* Source data:

————————

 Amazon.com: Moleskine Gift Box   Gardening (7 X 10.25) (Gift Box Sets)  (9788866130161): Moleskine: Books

————————

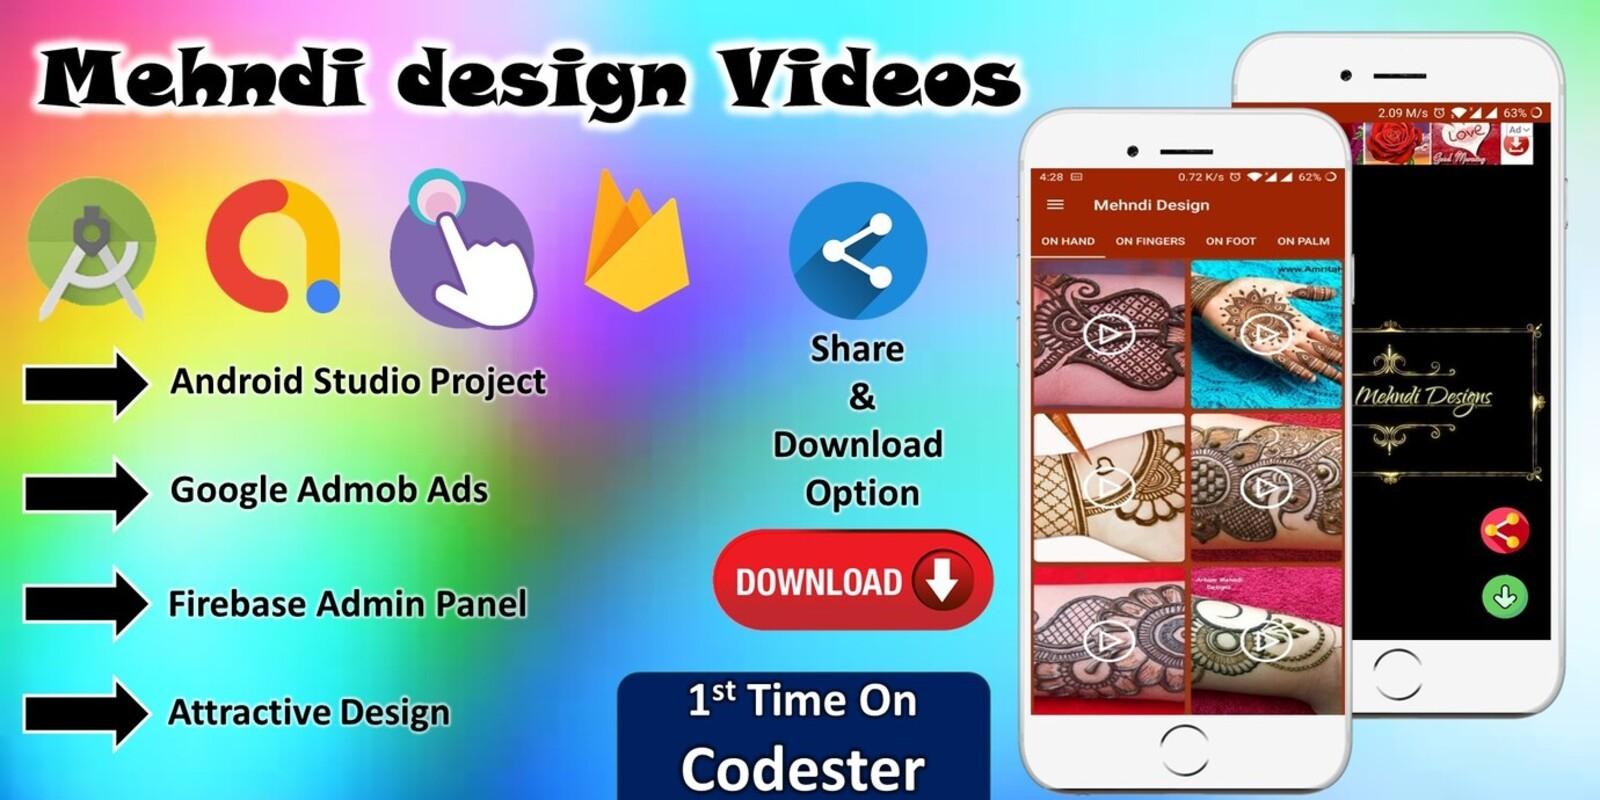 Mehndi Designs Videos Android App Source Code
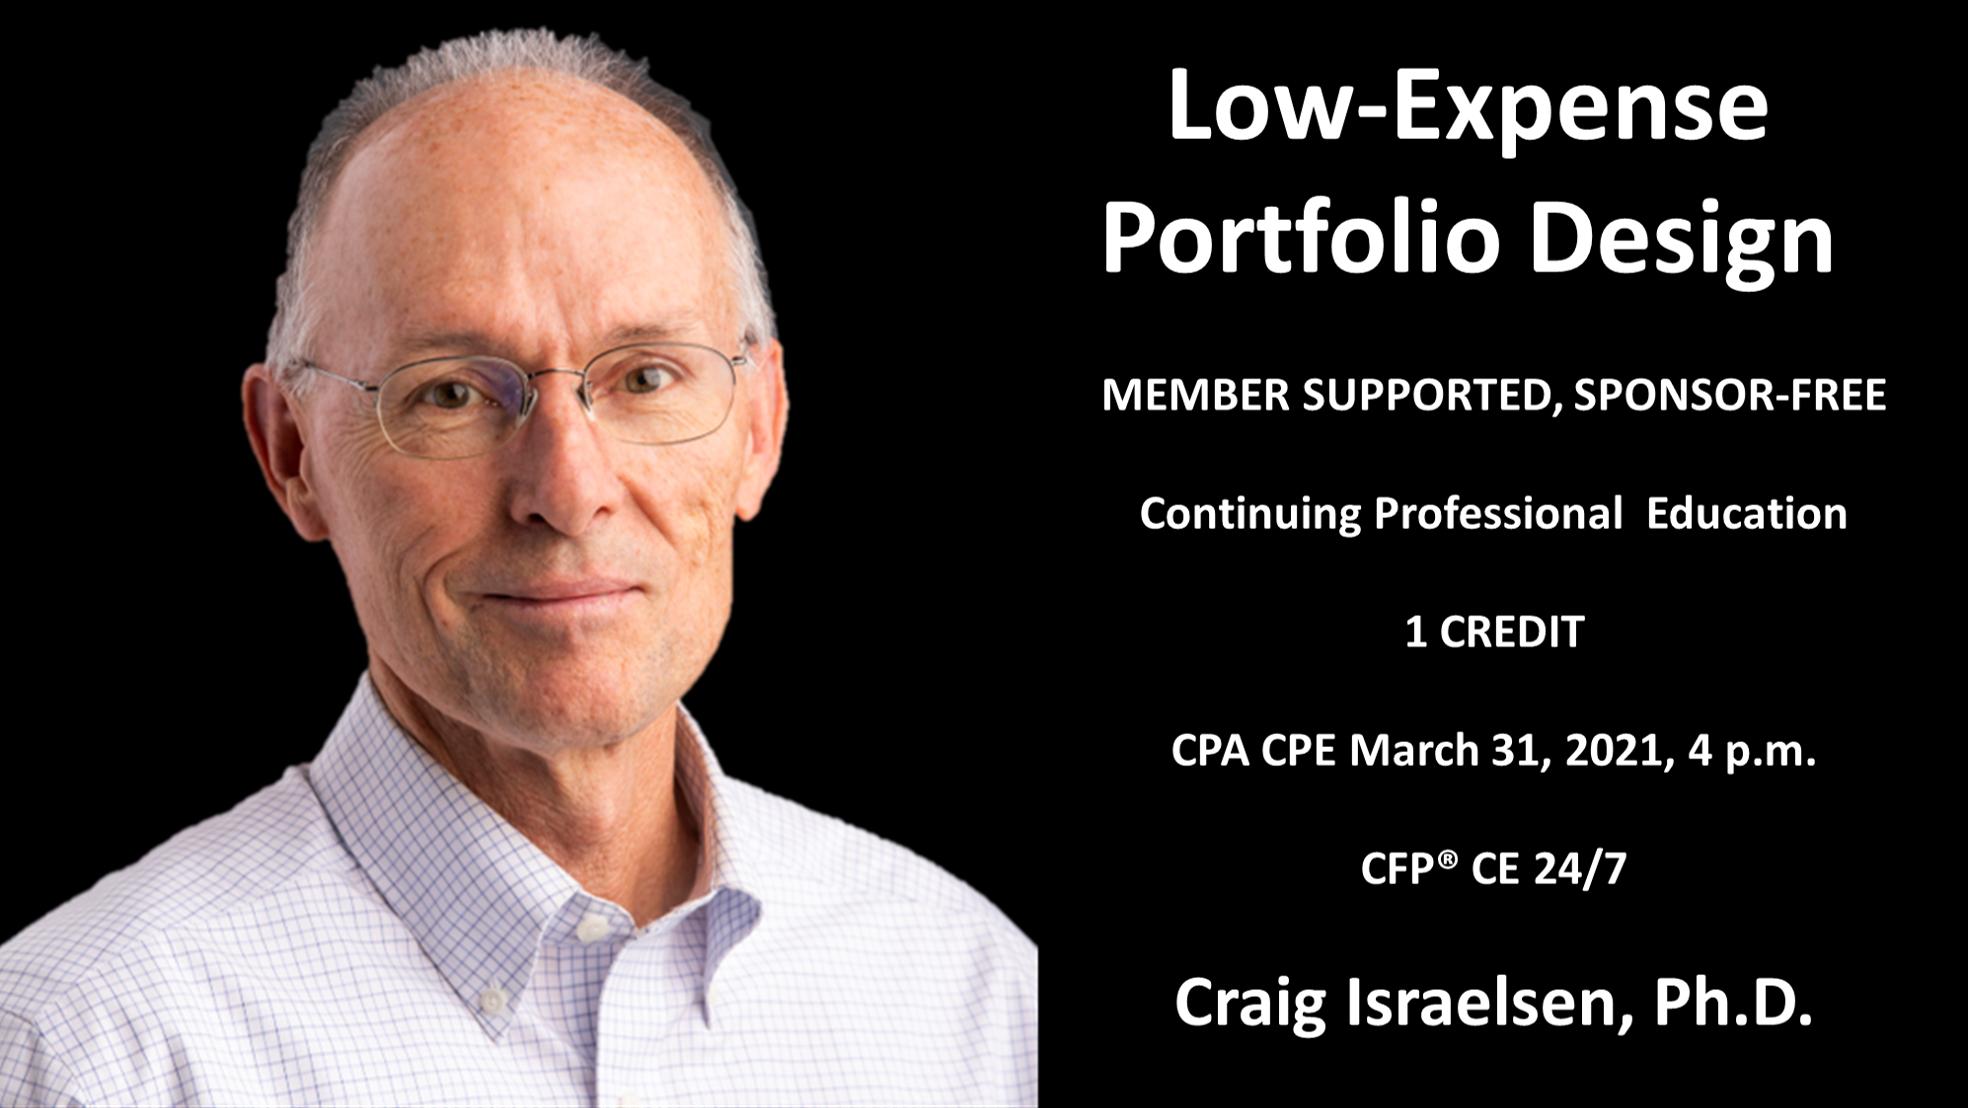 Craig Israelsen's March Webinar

————————

In the listing above, find the line containing "Mehndi Designs Videos" and the line containing "Craig Israelsen's March Webinar", then write out both of them and every line between, exactly, with no pictures.

* Task output:
 Mehndi Designs Videos Android App Source Code
 Craig Israelsen's March Webinar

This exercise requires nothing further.